Quick Conversion Table
| Brand | Equivalent | Match | |
|---|---|---|---|
| Anchor | 877 | close | Buy on Amazon → |
| Madeira | 1207 | close | Buy on Amazon → |
| Cosmo | 969 | close | Buy on Amazon → |
| Sullivans | 45478 | close | Buy on Amazon → |
| J&P Coats | 6213 | close | Buy on Amazon → |
Celadon: When Pottery Inspires Thread
Celadon isn't just a color — it's a 2,000-year-old ceramic tradition. The celadon glazes developed during China's Song Dynasty produced a jade-like surface that ranged from pale grey-green to this deeper, more saturated blue-green that DMC 163 captures. These weren't accidental colors; potters spent generations perfecting the iron-oxide glazes and reduction firing techniques that produced exactly this hue. When you thread your needle with 163, you're working with a color that people have considered worth pursuing for millennia.
DMC 163, Medium Celadon Green, occupies the middle ground in the celadon family — darker and more assertive than the whisper-light celadons (DMC 3817, DMC 3813) but not as deep or shadowy as DMC 3815 (Dark Celadon Green). It's the workhorse value, the one that carries the most visual weight in celadon-themed designs. If a pattern calls for celadon and only gives you one shade to work with, this is usually the one that makes sense.
The blue-green balance in 163 is genuinely interesting from a color theory perspective. It sits right at the point where green starts to pull toward blue, but hasn't committed to either. In warm light — candlelight, incandescent, golden-hour sun — it reads greener. Under cool fluorescent or blue-white LED light, it shifts perceptibly toward teal. This chameleonic quality means your stitching will look subtly different depending on where and when it's viewed, which can be either a feature or an annoyance depending on your temperament.
Stitching with Jade Tones: Practical Considerations
On white Aida, 163 reads as distinctly cool and sophisticated — it has enough saturation to hold its own without feeling overwhelming. On cream or ivory fabric, the warmth of the base rounds out the thread's cooler edges, producing something closer to true jade. On black Aida, 163 practically glows, making it an excellent choice for dramatic East Asian-inspired motifs where you want that celadon luminosity against a dark ground.

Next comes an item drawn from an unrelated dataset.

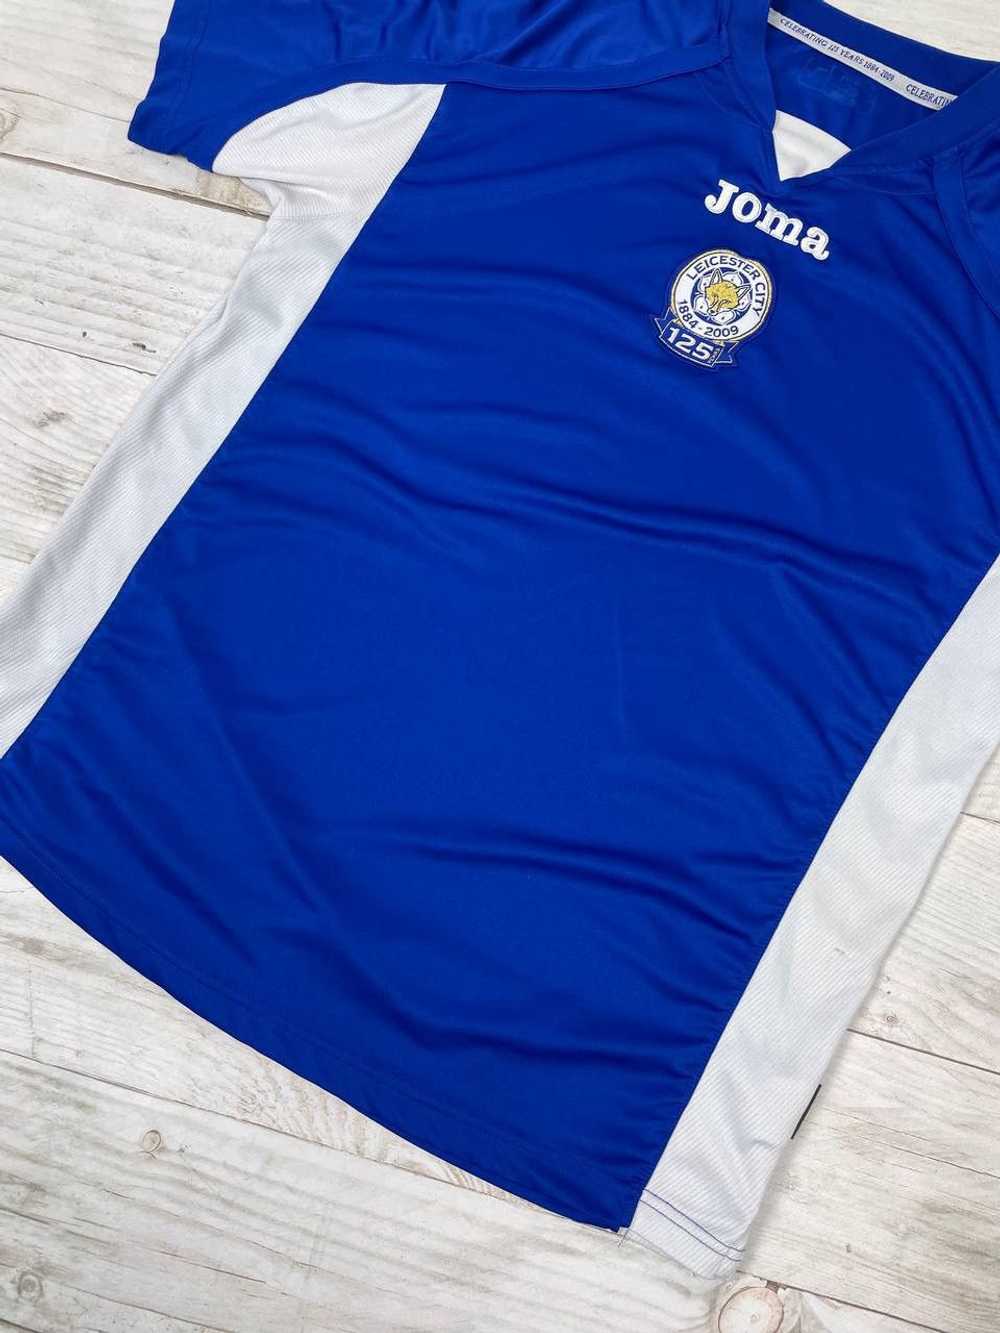 Joma × Soccer Jersey × Vintage Joma LEICESTER CIT… - image 3

Coverage with 163 is reliable. Two strands on 14-count give you clean, full crosses. On 18-count, you can get away with two strands if you railroad consistently, but some stitchers prefer the slightly lighter coverage of two strands without railroading — the fabric peeking through adds to the jade-like translucency. Over one on higher-count linens, a single strand of 163 produces exquisite detail work for small motifs: miniature bonsai trees, tiny koi fish, delicate bamboo stalks.
This is one of those colors that rewards careful companion selection. Pair it with DMC 3816 (Celadon Green) for a one-step-lighter harmony, or step further into contrast with DMC 3814 (Aquamarine) for a brighter, more tropical counterpoint. For designs inspired by Chinese ceramics or Japanese gardens, combine 163 with DMC 758 (Very Light Terra Cotta) and DMC 3033 (Very Light Mocha Brown) — the warm terracotta-and-cream against cool celadon creates the exact palette you see in museum-quality Asian pottery displays. For a richer, more autumnal take, add DMC 3787 (Dark Brown Grey) for deep shadows and let the celadon serve as the jewel tone in an otherwise muted composition.

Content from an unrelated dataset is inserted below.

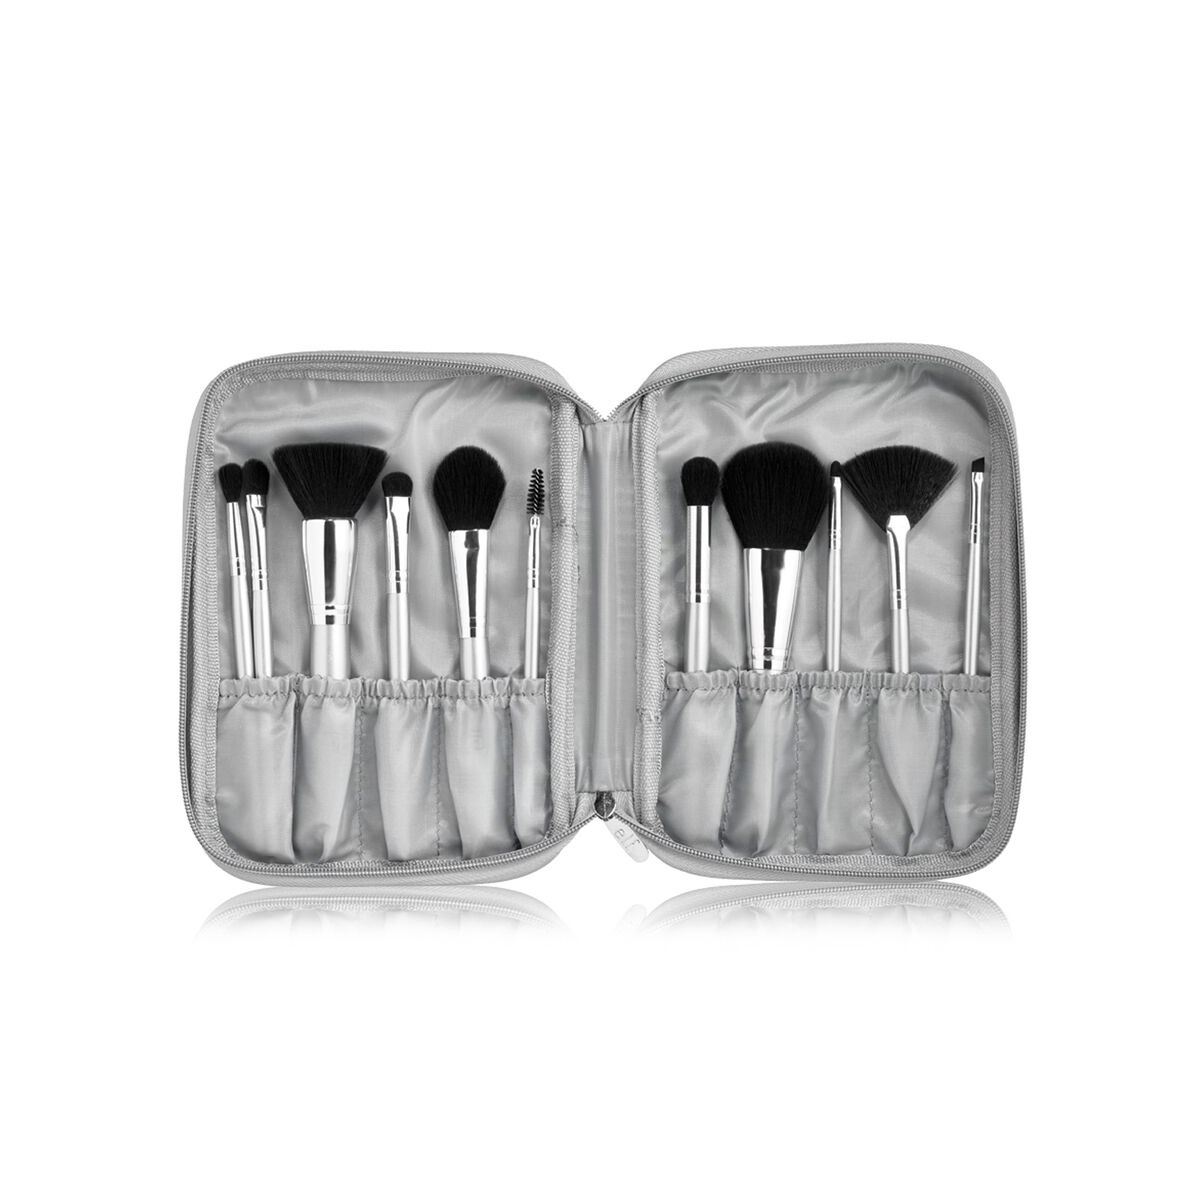 Brush kit with silver handles &#45; 11 piece

Finding That Exact Jade-Green Balance
The challenge with substituting celadon greens is that the blue-green balance point is extremely specific. Tip slightly too far toward blue and you've got teal. Too far toward green and you've lost the ceramic-glaze quality that makes celadon celadon. DMC 163 threads the needle — literally — between these two failure modes.
Anchor 877 gets close and is the substitute most stitchers reach for first. It preserves the general blue-green character, though some stitchers report it leans slightly warmer — a hair more green, a hair less blue — than the DMC version. In a celadon gradient using multiple shades, this warmth shift might disrupt the family cohesion, so test it against your other celadon threads before committing.

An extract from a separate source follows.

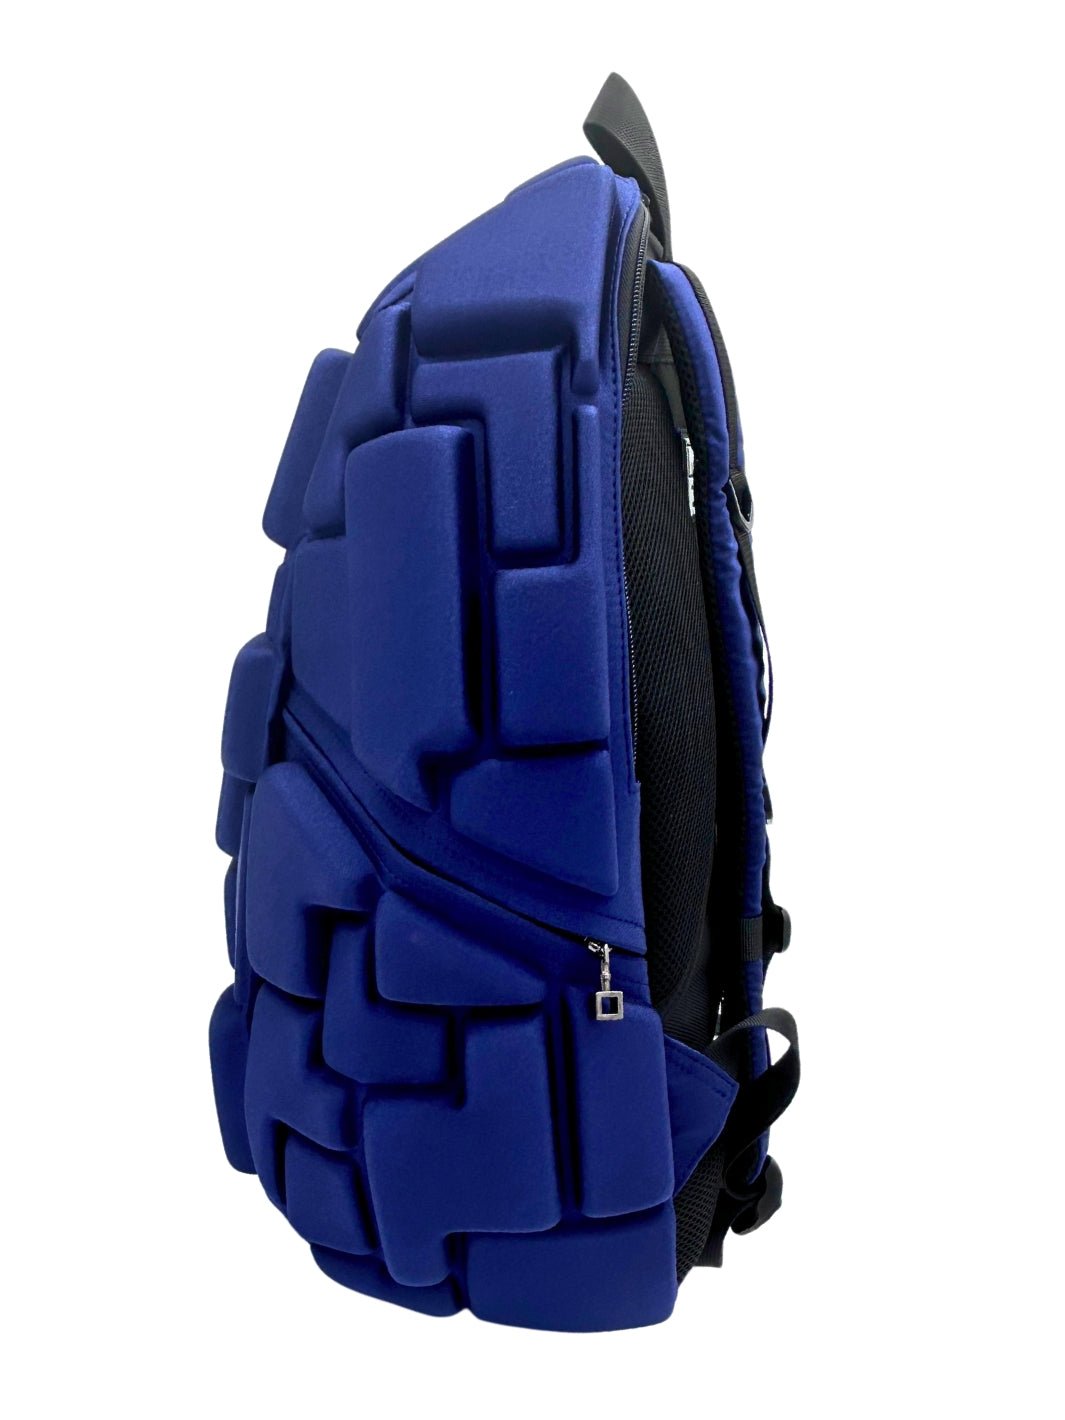 Side view of Wild Blue Yonder navy blue ackpack - Madpax

Madeira 1207 is also listed as a close match and brings a slightly smoother finish. On Aida this barely matters, but on evenweave or linen the smoother thread surface catches light differently, which can enhance or diminish the jade-like quality depending on the weave. In my experience, Madeira's version reads slightly more polished — appropriate for decorative pieces, perhaps less naturalistic for botanical work.
Cosmo 969 offers a subtly different interpretation that's worth testing on your actual fabric. Cosmo threads tend toward softer hand overall, and at this particular blue-green intersection, the softness translates to a slightly dustier read. For vintage-inspired or shabby chic projects, that dustiness might actually be preferable to DMC's cleaner saturation.
Within the DMC range itself, don't confuse 163 with DMC 3816 (Celadon Green) — 3816 is lighter and slightly warmer. For the specific medium-depth, cool-leaning celadon that 163 provides, there's no direct DMC substitute at the same value.